La ola populista conecta con los ciudadanos más desfavorecidos en contextos de crisis

La derrota de Orbán en Hungría ha dejado a Vox sin uno de sus mayores aliados políticos, ideológicos y financieros en el continente. El varapalo ha sido considerable, teniendo en cuenta que se trataba de su único socio con presencia en el Consejo Europeo. Quizás no fue buena idea abandonar el grupo de los Conservadores y Reformistas Europeos (ECR) en 2024 —en el que sí se mantiene Meloni, contraria a la inmigración pero mucho más pragmática en asuntos comunitarios— para unirse a Patriotas por Europa, plataforma ultra impulsada por el propio Orbán.

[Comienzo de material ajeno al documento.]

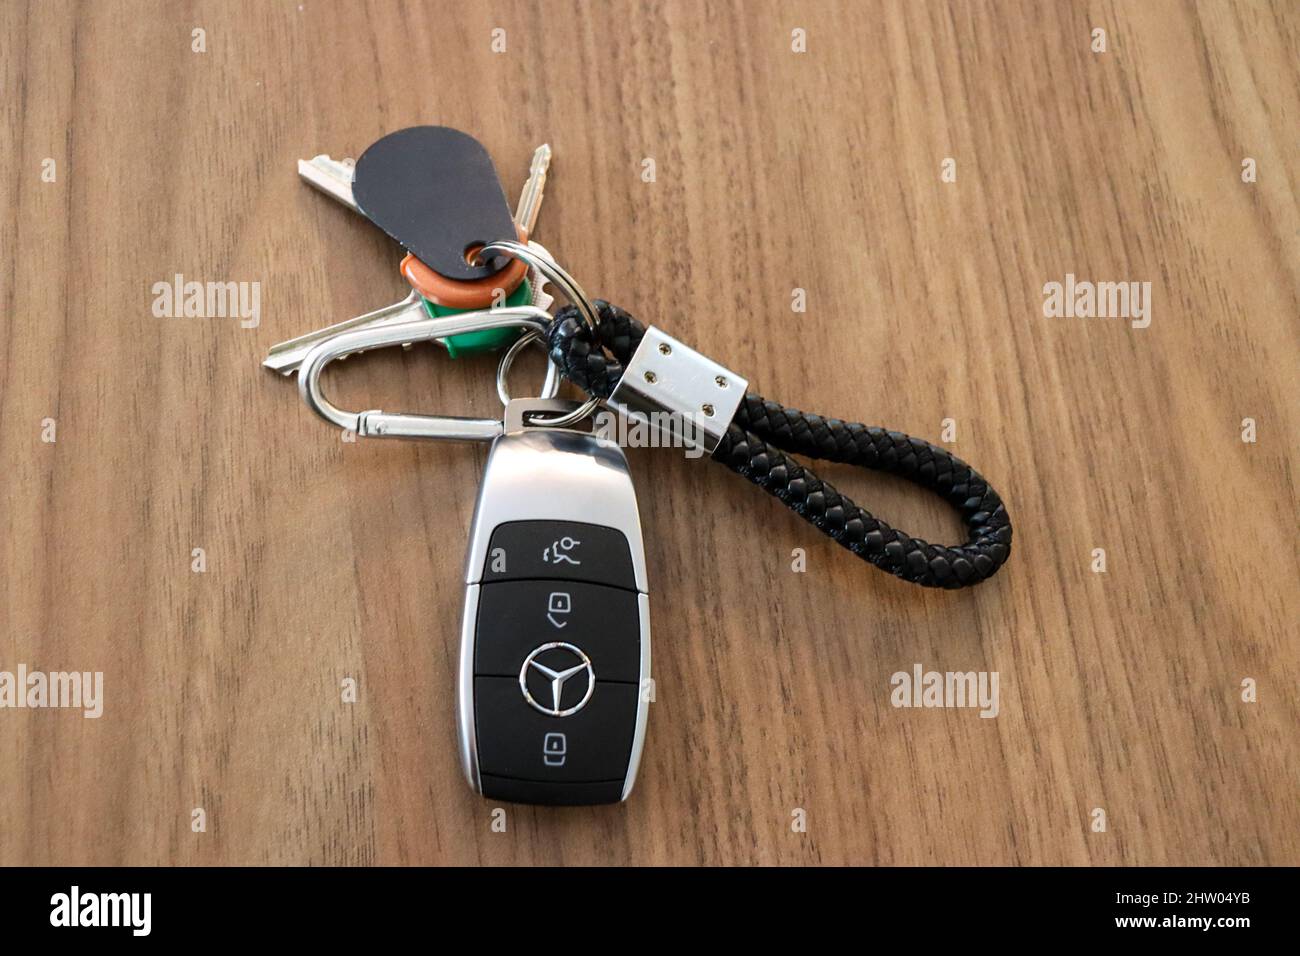 Car key mercedes immagini e fotografie stock ad alta risoluzione - Alamy

La presidenta italiana, tras una primera etapa de sumisión a Trump, ha puesto ahora distancia, acercándose al “no a la guerra” de Sánchez y denegando a EEUU la autorización para utilizar la base militar de Sigonella, en Sicilia, para la ofensiva contra Irán. Da la impresión de que su derrota en el referéndum de reforma de la justicia ha hecho reaccionar a la italiana. La guinda, no obstante, han sido los ataques de Trump al papa: Meloni calificó de “inaceptables” sus diatribas, teniendo en cuenta que más de la mitad de los italianos se declaran católicos.   

Al otro lado del Atlántico, en su propia casa, Trump, envuelto en la bandera antiinmigración que Vox sigue a pies juntillas, ha visto cómo un socialista, musulmán e inmigrante —nacido en Uganda— se hacía con la alcaldía de Nueva York, capital financiera del planeta. El presidente hizo campaña contra él y amenazó con recortar la financiación a la ciudad donde nació. El nuevo alcalde, Zohran Mamdani, dijo tras conocer los resultados: “Nueva York seguirá siendo una ciudad de inmigrantes, una ciudad construida por inmigrantes, impulsada por inmigrantes. Y a partir de esta noche, liderada por un inmigrante”.

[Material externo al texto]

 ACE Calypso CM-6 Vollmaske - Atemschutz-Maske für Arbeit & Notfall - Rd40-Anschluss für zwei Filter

En Francia, a pesar de que el giro social hacia el conservadurismo es evidente, también se aprecian algunos brotes verdes. Así lo demuestra la victoria de la izquierda en las municipales del pasado marzo en París, Marsella y Lyon, las tres grandes ciudades del país. Marine Le Pen no logró su objetivo de atraer a la derecha tradicional a sus postulados ultras y, ahora, la gran pregunta es si la izquierda volverá a reeditar, de cara a las presidenciales del próximo año, el Nuevo Frente Popular que tan buenos resultados le dio en las legislativas.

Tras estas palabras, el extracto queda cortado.